Q. Can you do some research for me about old-fashioned manners of customs that few of us do today? I'm thinking of men who used to always tip their hats in the presence of a lady, or when men used to always walk on the street side of the sidewalk.
It's interesting to think about the traditions of just a few years ago.
A. Gentlemen, to this very day, walk on the street side of the sidewalk, unless they are European gentlemen, and walk to the lady's left. Miss Manners, who can bear the idea that styles of clothing change, but not that the small courtesies of life do, firmly believes that the only reason men do not tip their hats is the same as the reason they no longer smack one another across the face with their gloves when they are angry: They don't have the sartorial equipment.
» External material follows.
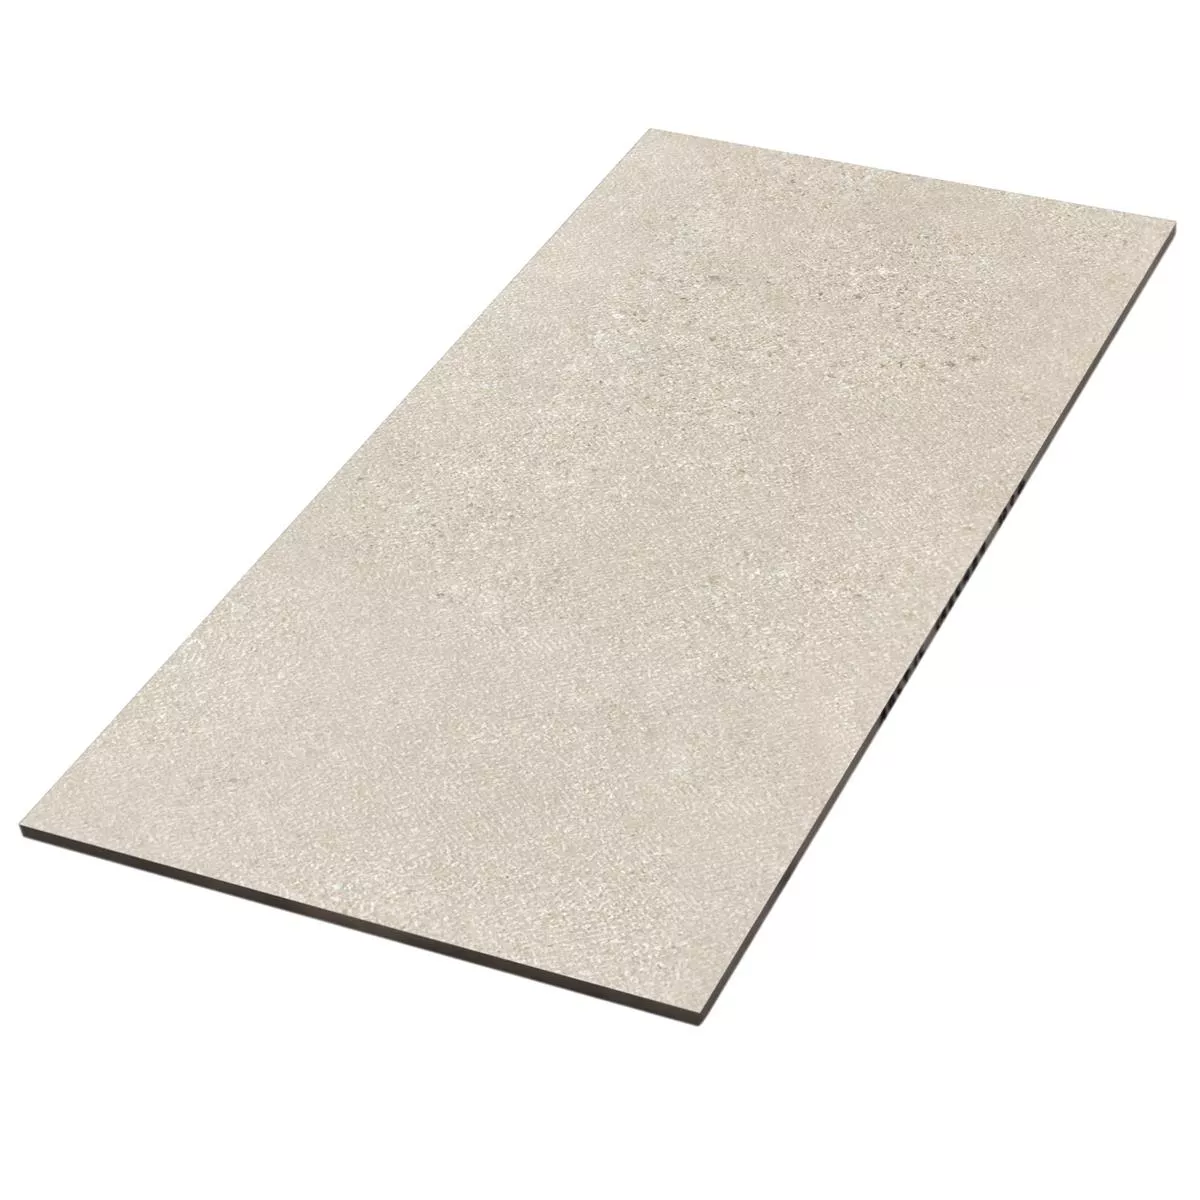 Sample Floor Tiles Galilea Unglazed R10B Beige 30x60cm

Q. I am extremely fond of baked potatoes, and the heck with the calories. I eat so many that the least I can do is to eat them correctly. but if you slice it through, you get a smoothe surface and the butter slides right off it. sEverbody knows that baked potato tastes best with the butter mashed right into it, but I can't find anyone who knows how to do this politely.
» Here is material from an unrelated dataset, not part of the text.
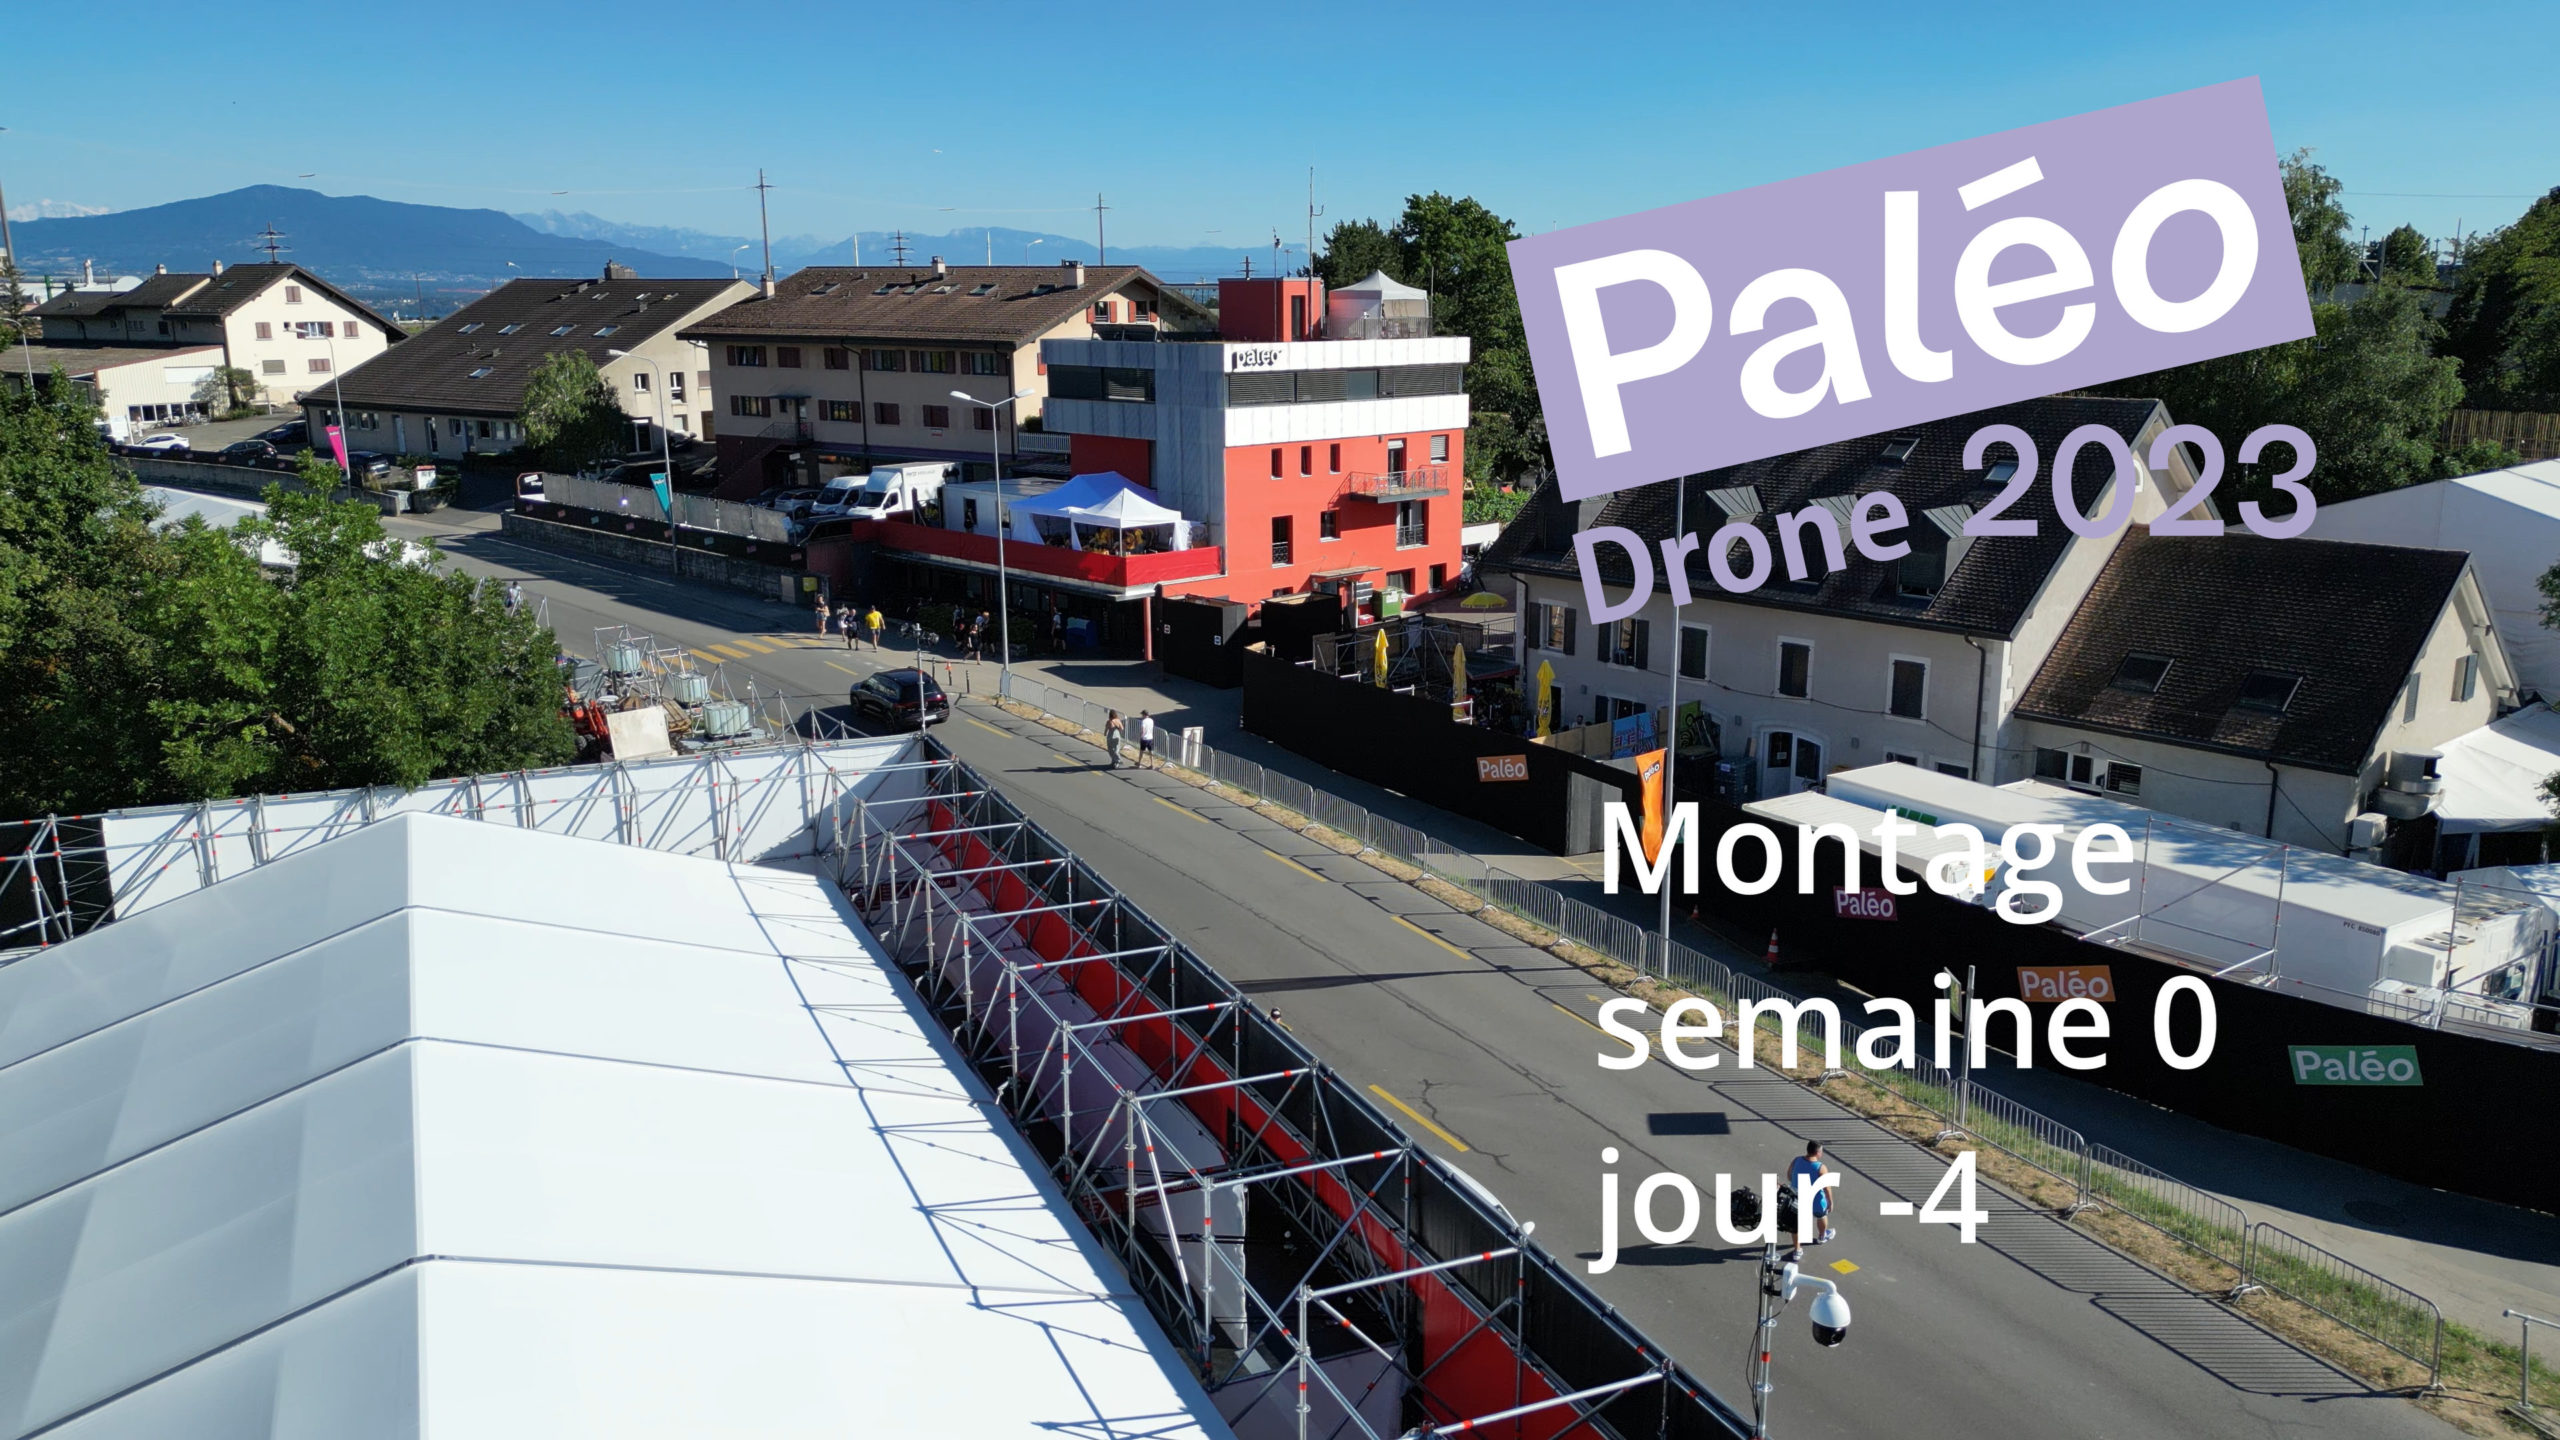 Drone #08 paleo 2023 semaine -0 jour -4

A. Well, now you have. Baked potato is properly broken up with the fingers, from which we get the expression "a hot potato." (Considerate cooks cut an X on the top before serving, so that the heat escapes somewhat, but how many considerate cooks are there?)
This gives an irregular surface. Then the butter is put on it -- not with the knife, as you might expect, but with the fork. A flick of the wrist mashes some of the butter in and no one will be the wiser. You may do this one half at a time, eating from the shell which you may steady with the left hand. Shell eaters may cut up the shell with fork and knife, but the proper implements for the inside of the potato are the fork and finger.